Collected material —

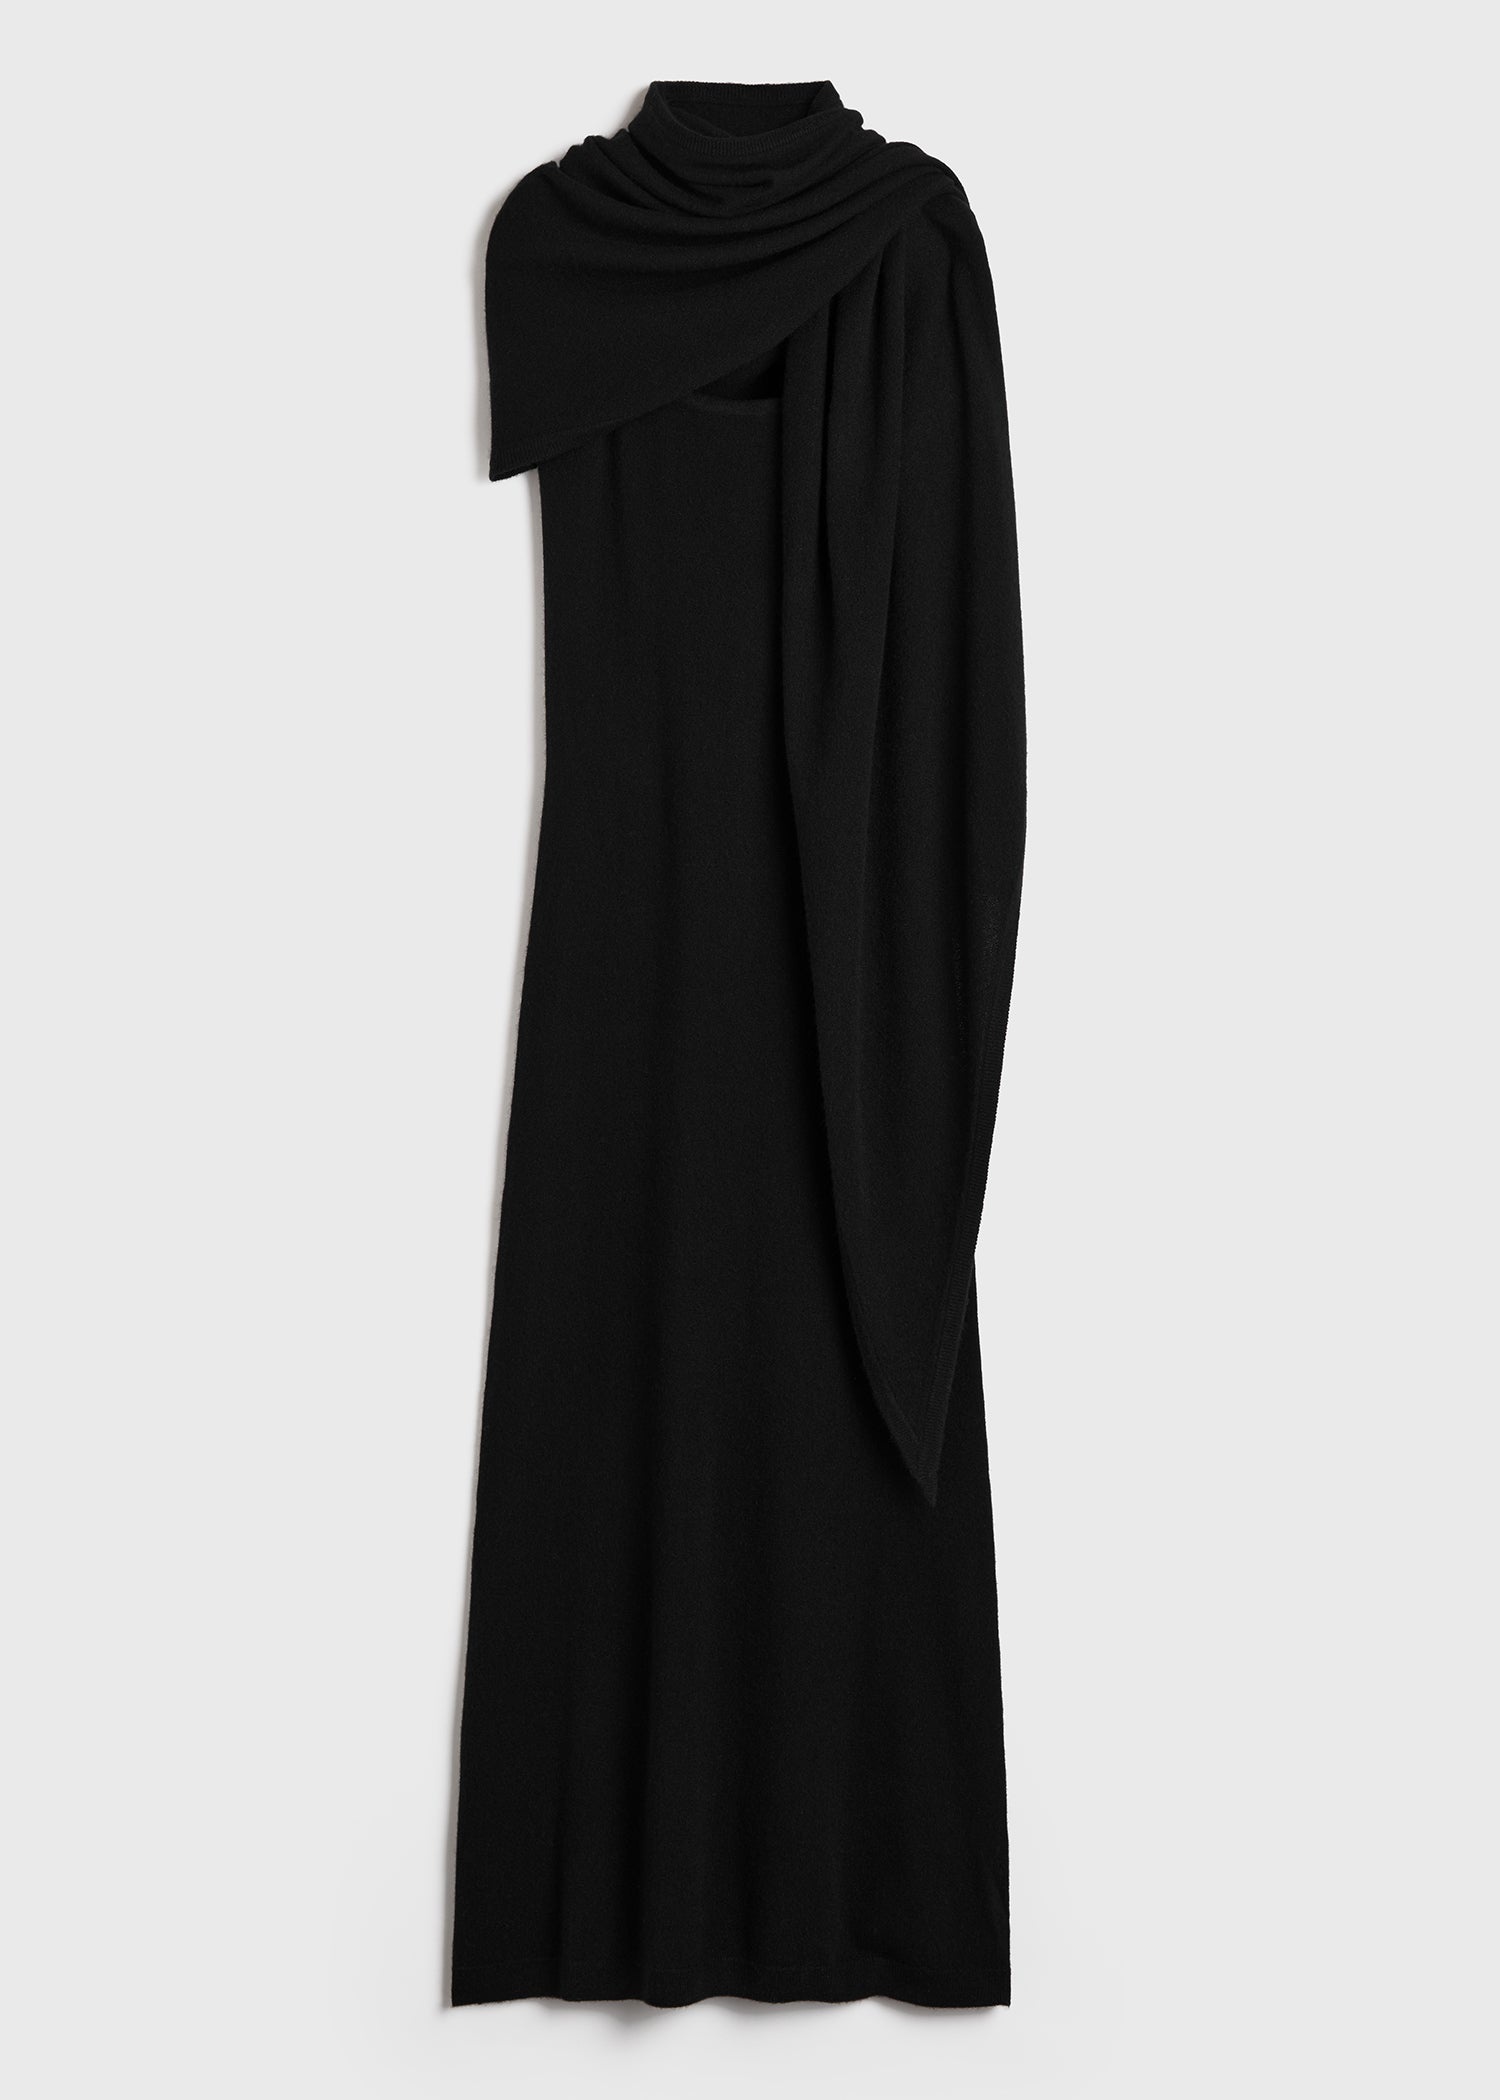 Cashmere shawl dress black - 1
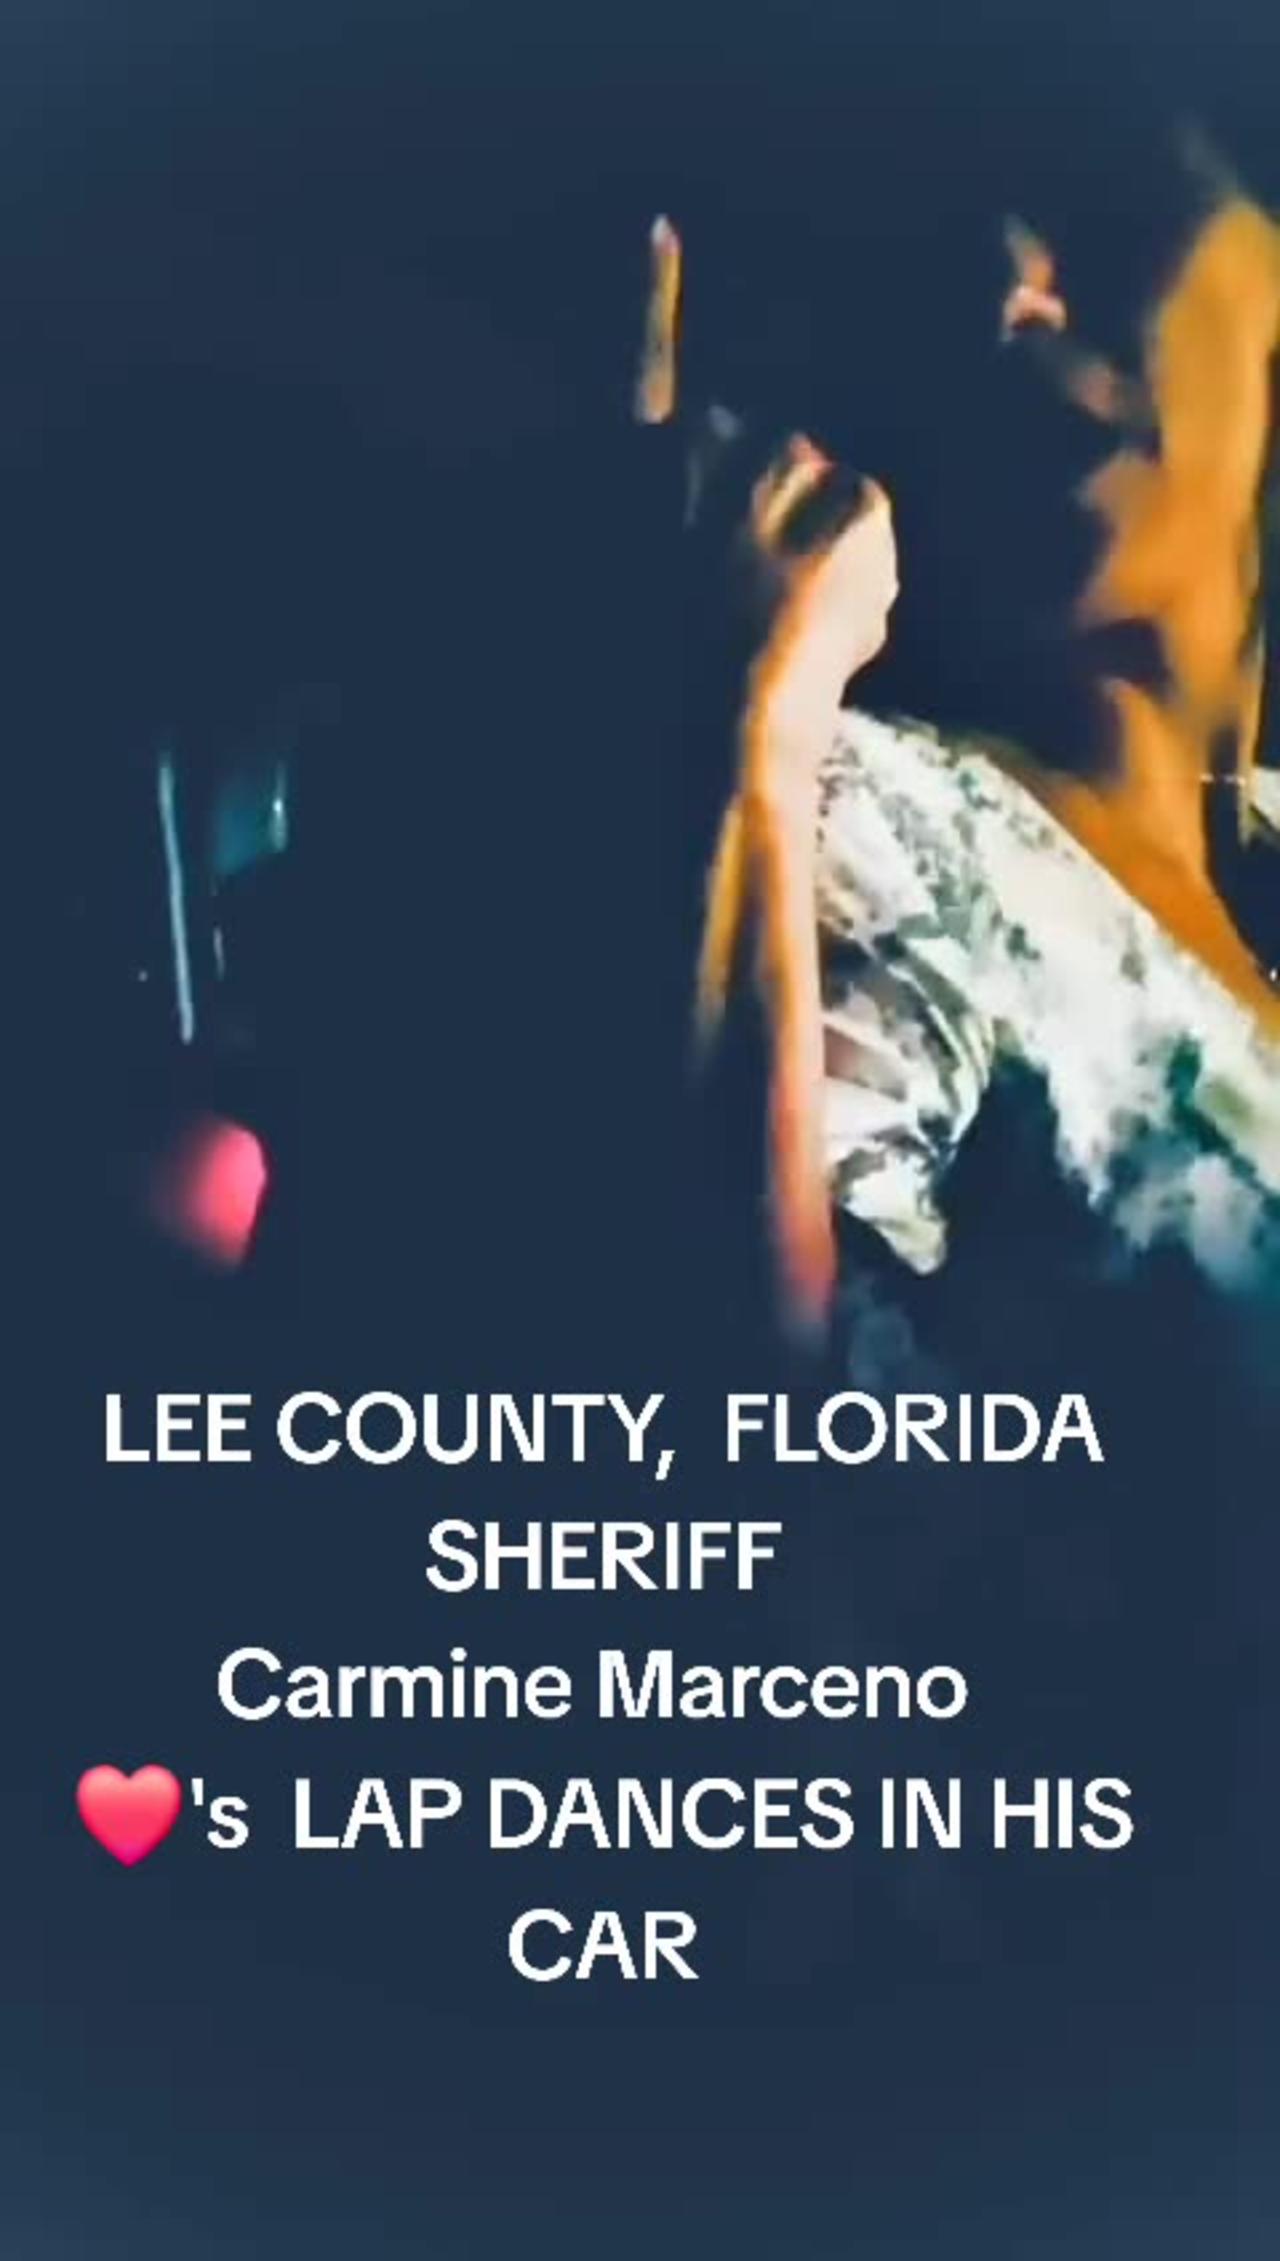 Criminal Lee County Sheriff Carmine Marceno Gets Lapdance In His Car
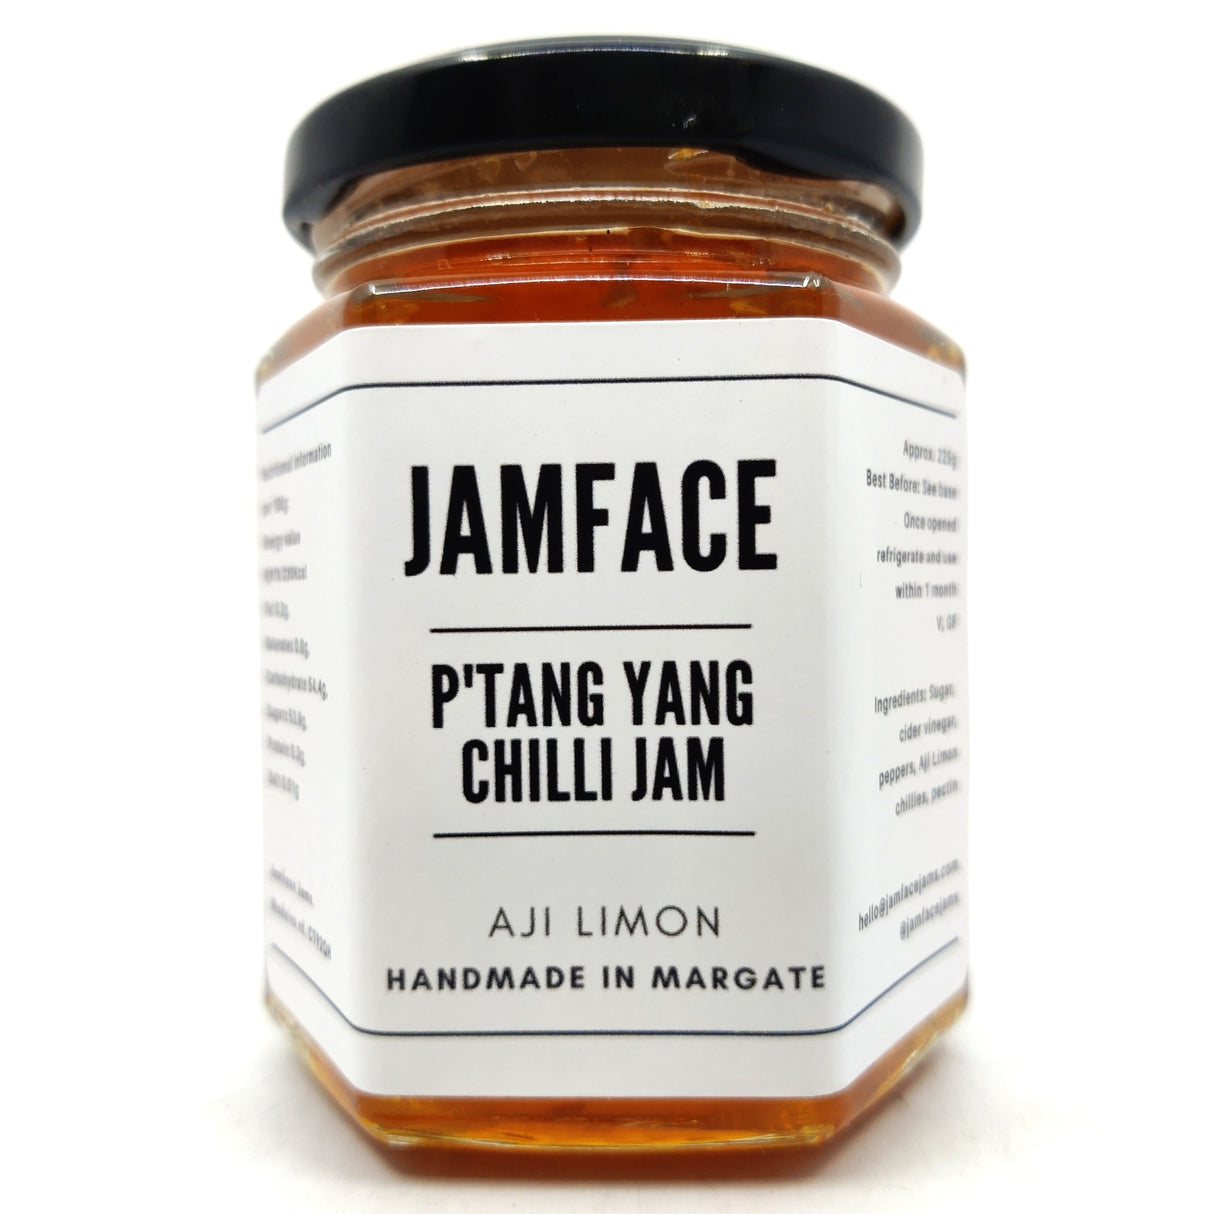 Jamface Ptang Yang Chilli Jam (226g)-Hop Burns & Black

Problem to solve —
From the line that contains "Criminal Lee County" to the final line of the material, write out each line exactly. Pictures stay out.

Result for this task —
 Criminal Lee County Sheriff Carmine Marceno Gets Lapdance In His Car
 Jamface Ptang Yang Chilli Jam (226g)-Hop Burns & Black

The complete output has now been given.